START to open Phase I oncology unit in China

02-Feb-2011 - Last updated on 02-Feb-2011 at 08:29 GMT

START is opening an oncology-focused Phase I unit in China to meet demand for early-stage cancer trials in the growth market.

Establishing the 5,000 sq ft oncology unit in Shanghai, China expands South Texas Accelerated Research Therapeutics’ (START) Phase I network into Asia. The site allows multinational sponsors to tap into China, supports local research and improves access to experimental drugs.

START is opening the unit, a joint venture with China-based Cenova Ventures, on the fourth floor of the Fudan University Shanghai Cancer Center (FUSCC). An estimated 600,000 patients visit FUSCC each year, giving sponsors access to a significant number of potential trial participants.

“We expect to enrol our first patient in July”, said Gina Mangold, chief operating officer at START. Before then START will train staff, renovate clinical space, purchase equipment and secure sponsors. START hopes to have a 50/50 split between local and multinational pharma sponsors.

When operational the site will house 10 transfusion chairs for use in conducting Phase I trials. Initially 11 people will work at the unit but START plans to hire a further 18 employees within two years of opening.

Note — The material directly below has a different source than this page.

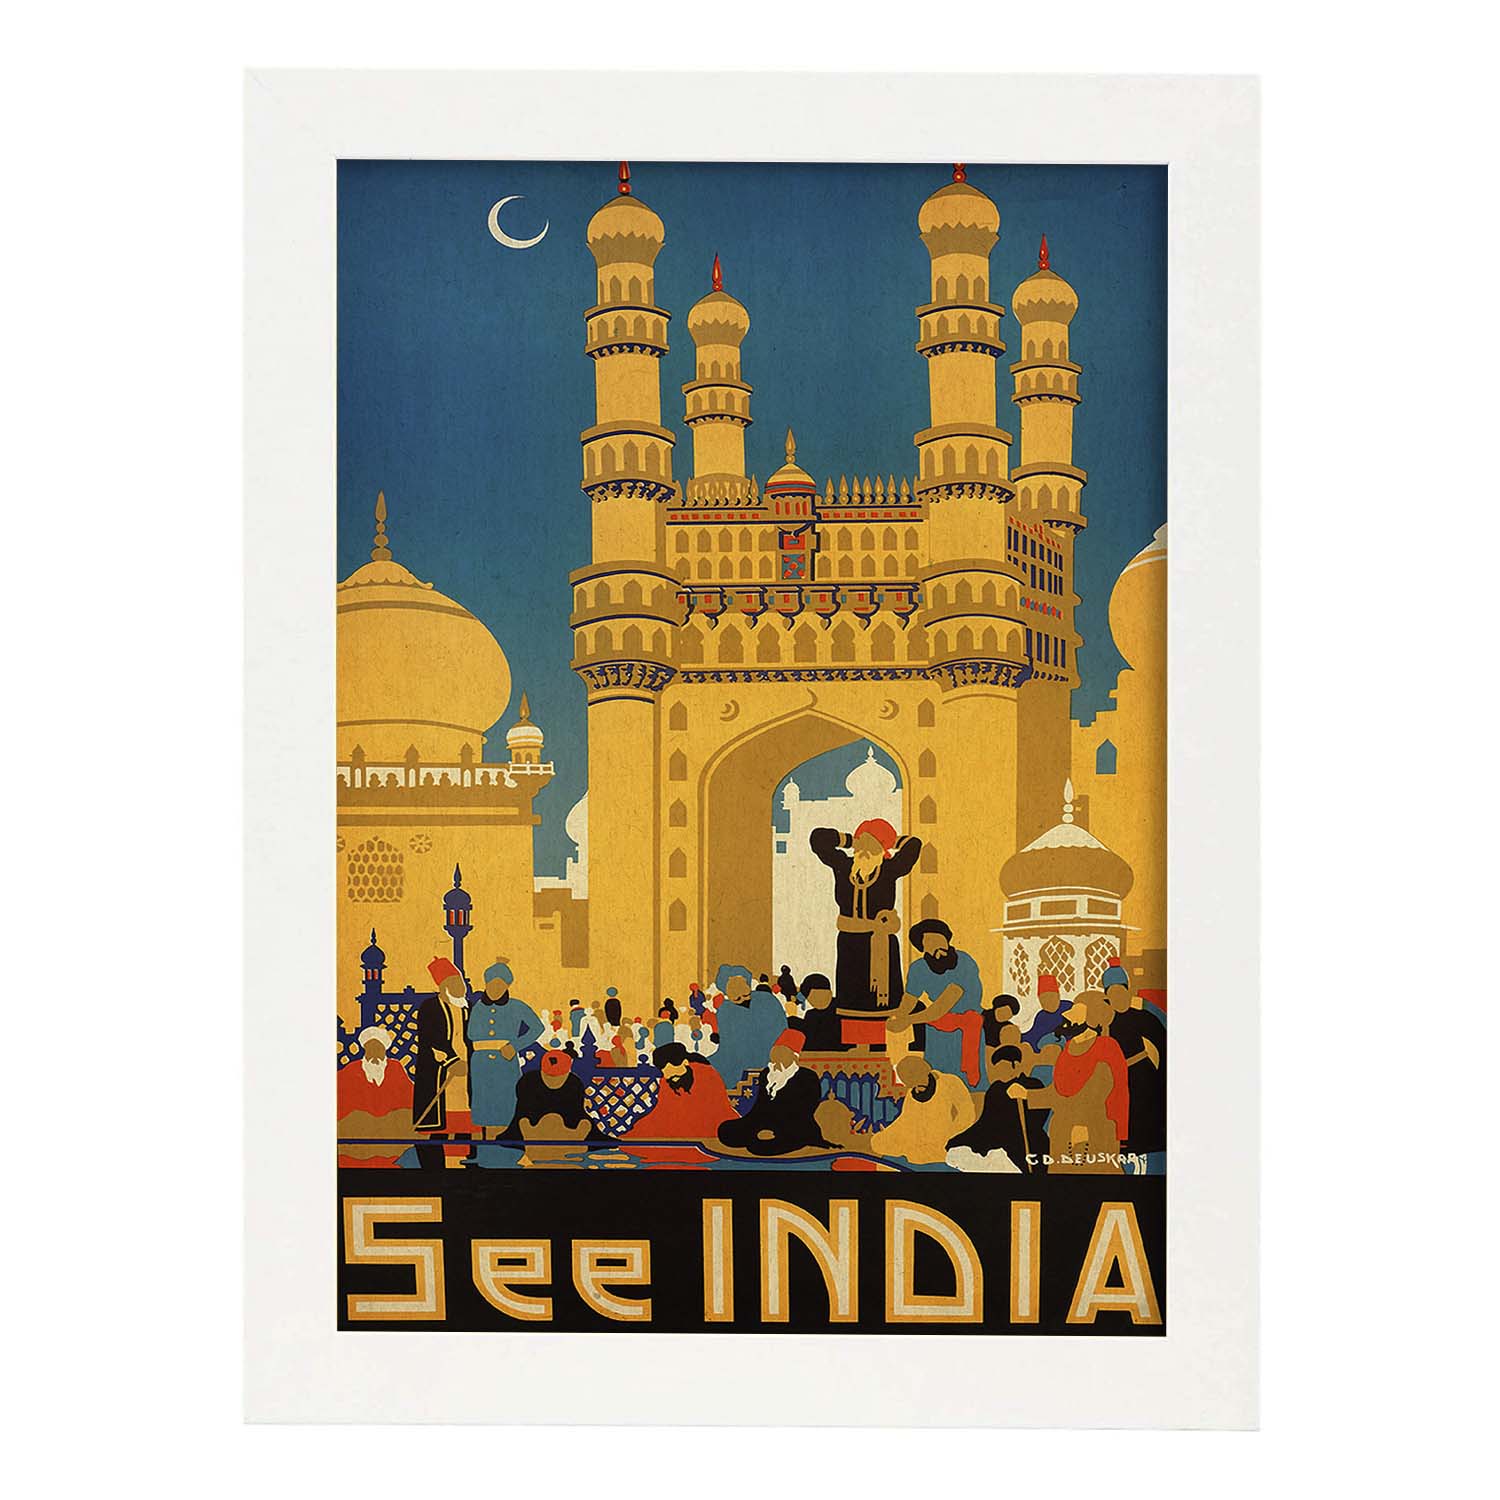 Poster vintage. Cartel vintage de Asia. Templo de India.-Artwork-Nacnic-A4-Marco Blanco-Nacnic Estudio SL

International oncology expansion

The Shanghai site follows the launch of START Phase I units in San Antonio, Texas and Madrid, Spain. START plans to open more Phase I units, Anthony Tolcher, clinical director at company, told Outsourcing-Pharma, but a specific timeline or target geographies are yet to be decided.

“When researchers are ending the day in one START location, our colleagues will be starting their day and will pick up right where we left off”, said Tolcher in a press statement.

Phase I in China

The site will boost Phase I oncology capabilities, an underdeveloped area at FUSCC and throughout China, to further its drug development aspirations in an important, expanding therapeutic area.

“It is important for us to upgrade our capabilities in conducting early phase and first-time-in-human (FTIH) clinical studies”, said Jin Li, director of the oncology unit at FUSCC. Most previous trials at FUSCC have been Phase II and III.

FUSCC has limited Phase I experience but has a heritage in clinical trials and is keen to expand capabilities. It was among the first sites to receive a Chinese State Food and Drug Administration (SFDA) experimental drug test license and is now moving to the forefront of Phase I oncology.

“For us, we can learn the American experience in drug development, improve our system in drug tests and increase our center’s impact in the world. We are excited about this collaboration”, said Guoliang Jiang, president of FUSCC.